Abbreviations: BMI, body mass index; FEV1, forced expiratory volume in 1 s; FVC, forced vital capacity; FeNO, fractional exhaled nitric oxide; SAS:, self‐rating anxiety scale; SDS, self‐rating depression scale; AQLQ, Asthma Quality‐of‐Life Questionnaire; ACQ‐5, the 5‐point Asthma Control Questionnaire.
FIGURE 2.
A–B, Time course of improvements in 5‐point Asthma Control Questionnaire (ACQ‐5) and Asthma Quality‐of‐Life Questionnaire (AQLQ) over a 52‐week period of treatments in chest tightness variant asthma (CTVA) patients. C, Changes in SAS scores over a 52‐week period of treatments in CTVA patients. D‐F, Changes in PEF variant rate (D), FVC (E), and FEV1% (F) over a 52‐week period of treatments in CTVA patients. G and H, The difference of ACQ (G) and FeNO (H) at week 0 between responsive and nonresponsive group. * P < .05; ** P < .01; *** P < .01; **** P < .001
TABLE 2.
The bronchial provocation test for CTVA patients
| 52 weeks | ||
|---|---|---|
| First administration | Negative (n) | Positive (n) |
| Negative (n) | 8 | 1 |
| Positive (n) | 22 | 10 |
Note. Data are presented as n. The results of airway hyperreactivity for CTVA patients were all significantly improved after 1‐year treatment (P < .001). In the first administration, bronchial provocation test results showed that 32 patients were positive and nine were negative. After 52 weeks of treatment, 22 out of the 32 patients with an initial positive test finding achieved conversion.
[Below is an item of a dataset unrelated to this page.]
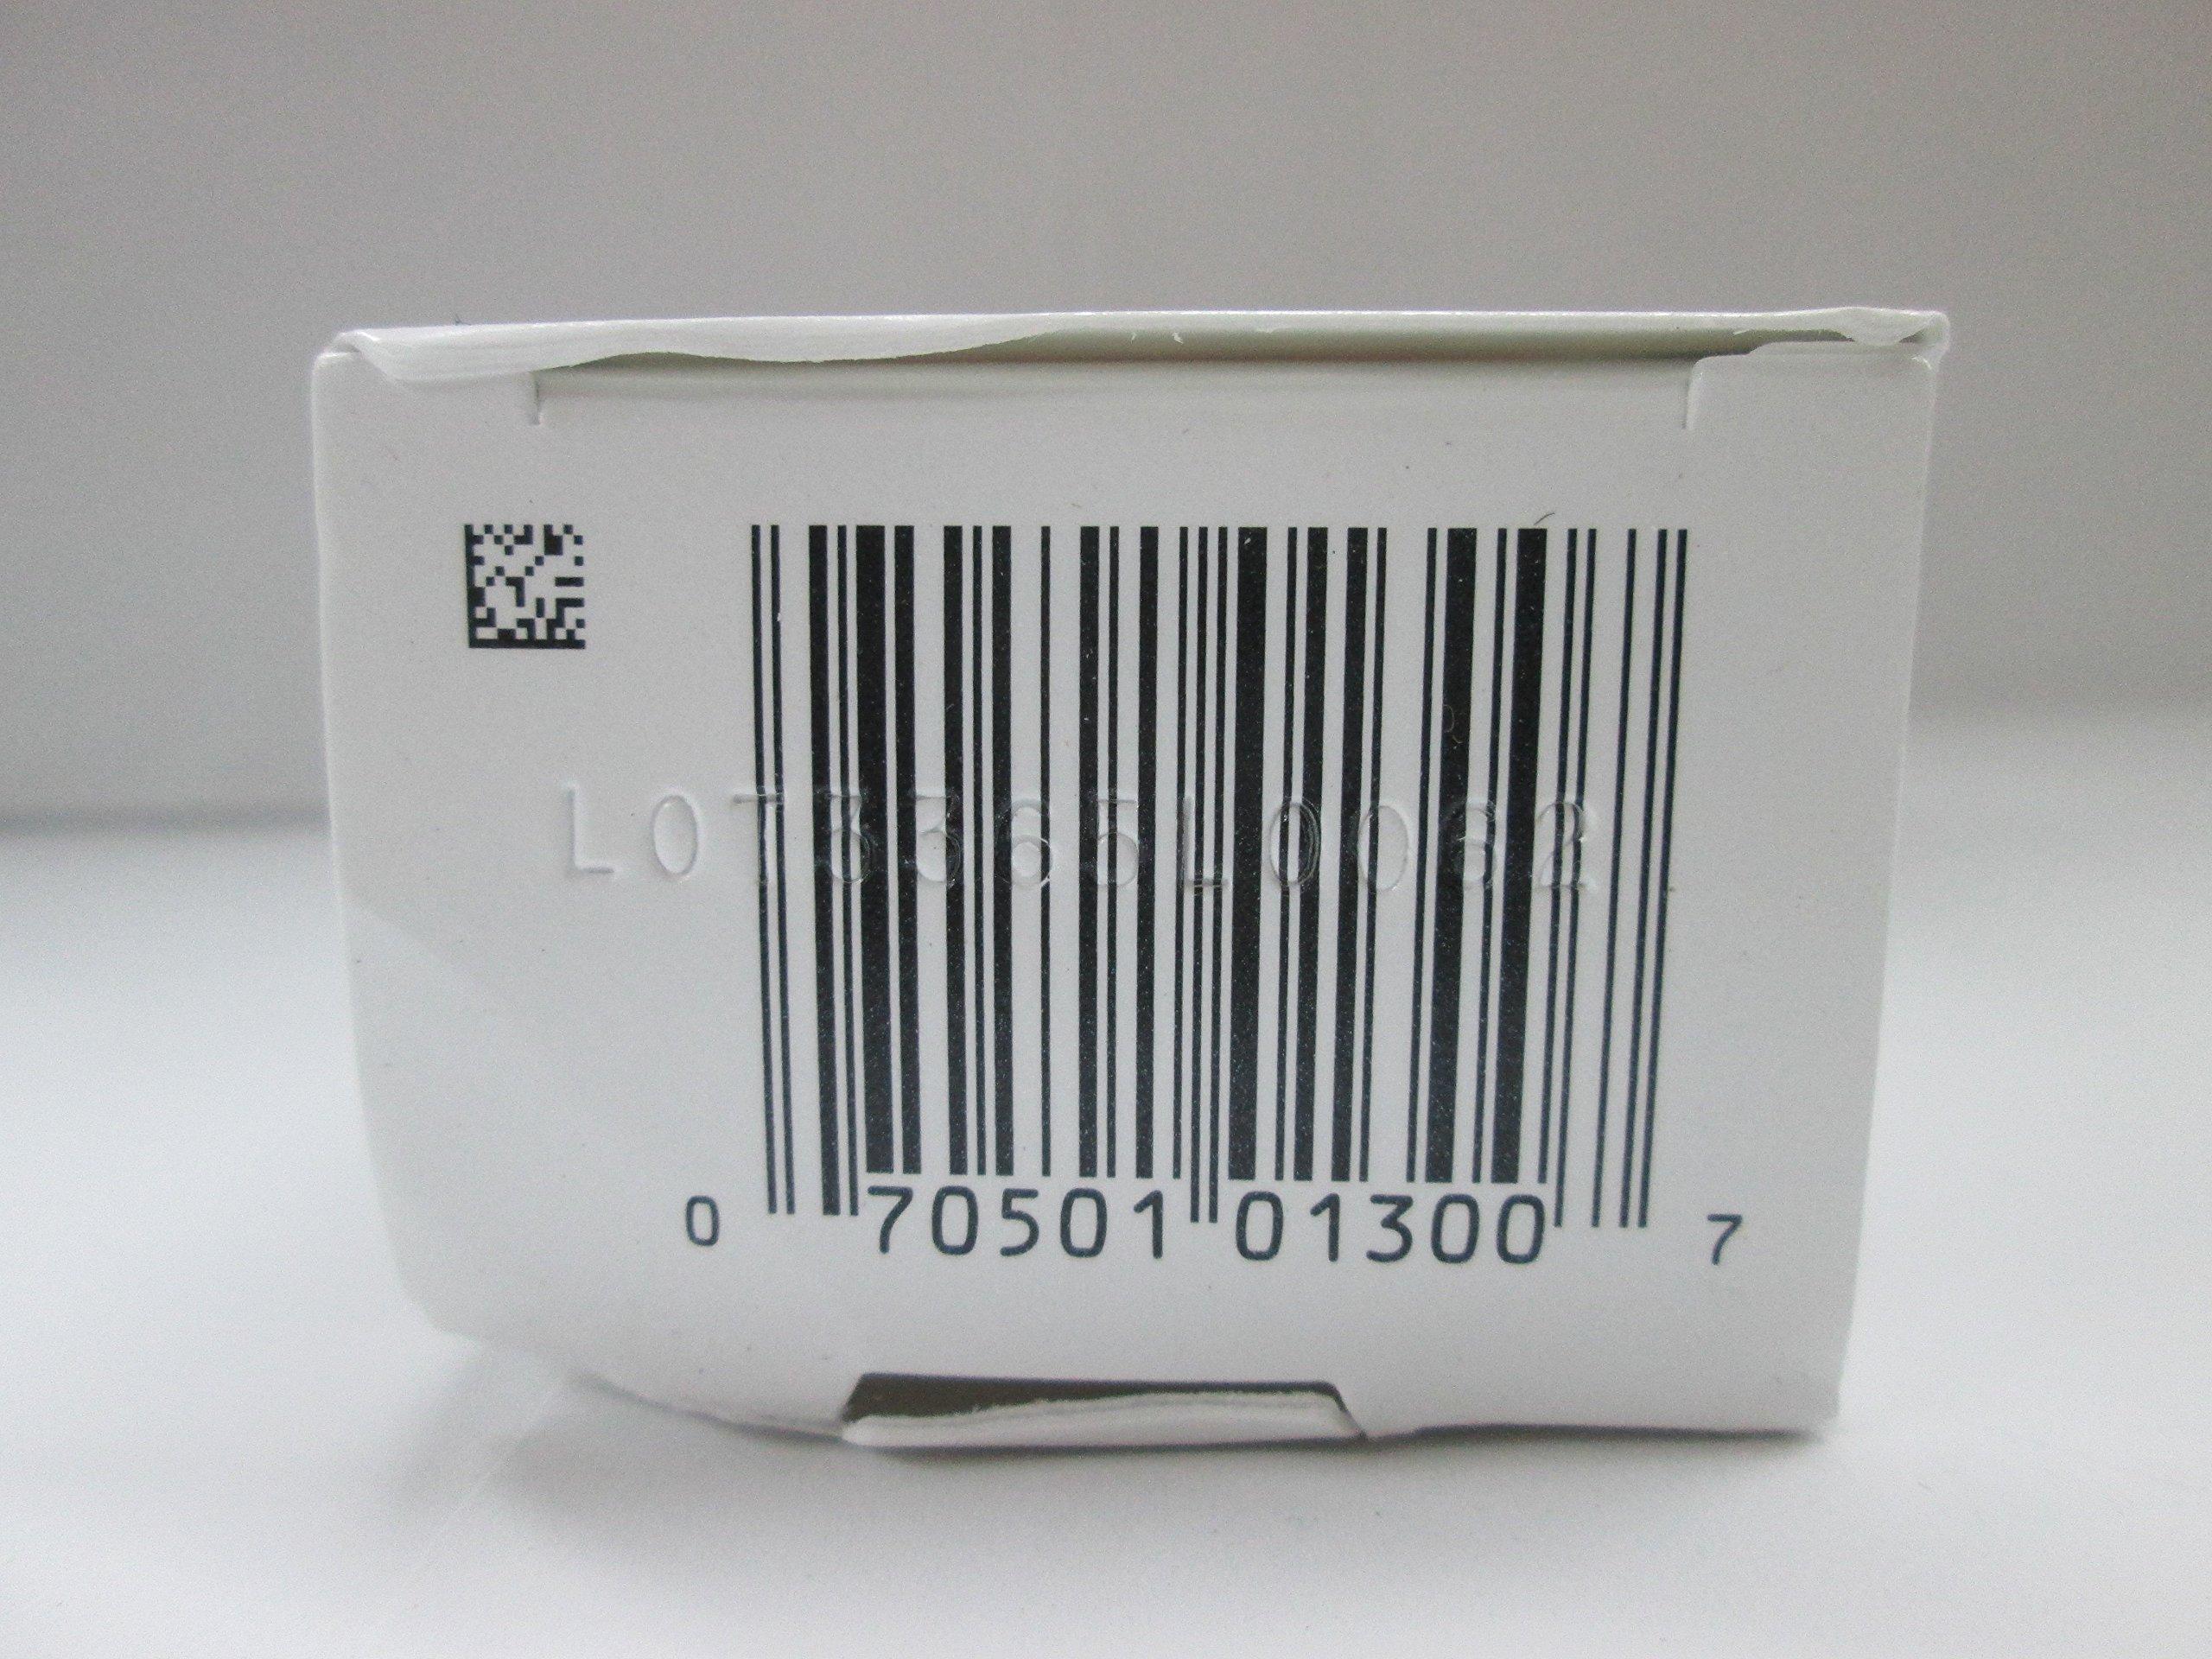 Neutrogena Unscented Norwegian Formula Hand Cream, 2 Ounces each (Value Pack of 6) by Neutrogena

Next, patients were divided into the responsive (43/76, 56%) and nonresponsive subgroups (33/76, 44%) according to the changes in ACQ‐5 score at 52 weeks (cutoff: 0.5). The responsive subgroup had higher ACQ‐5 scores and FeNO than those in the nonresponsive subgroup at the first administration (P < .05) (Figures 2G and 2H), suggesting that the therapeutic response was associated with the severity of CTVA.
Currently, various methods have been proposed to classify asthma control, including the ACQ‐5 score, GINA, or Gaining Optimal Asthma Control study criteria. However, no classification has been universally accepted. O'Byrne et al 7 showed that, in a clinical trial setting, changes in the absolute ACQ‐5 score were significantly greater than those in the categorical scale. We have employed the revised ACQ‐5 to assess the asthma control status in patients with CTVA. The number of patients in the responsive group and nonresponsive group did not differ substantially (43 vs 33 cases). Nevertheless, the optimal treatment regimens for CTVA need to be further investigated in randomized controlled trials.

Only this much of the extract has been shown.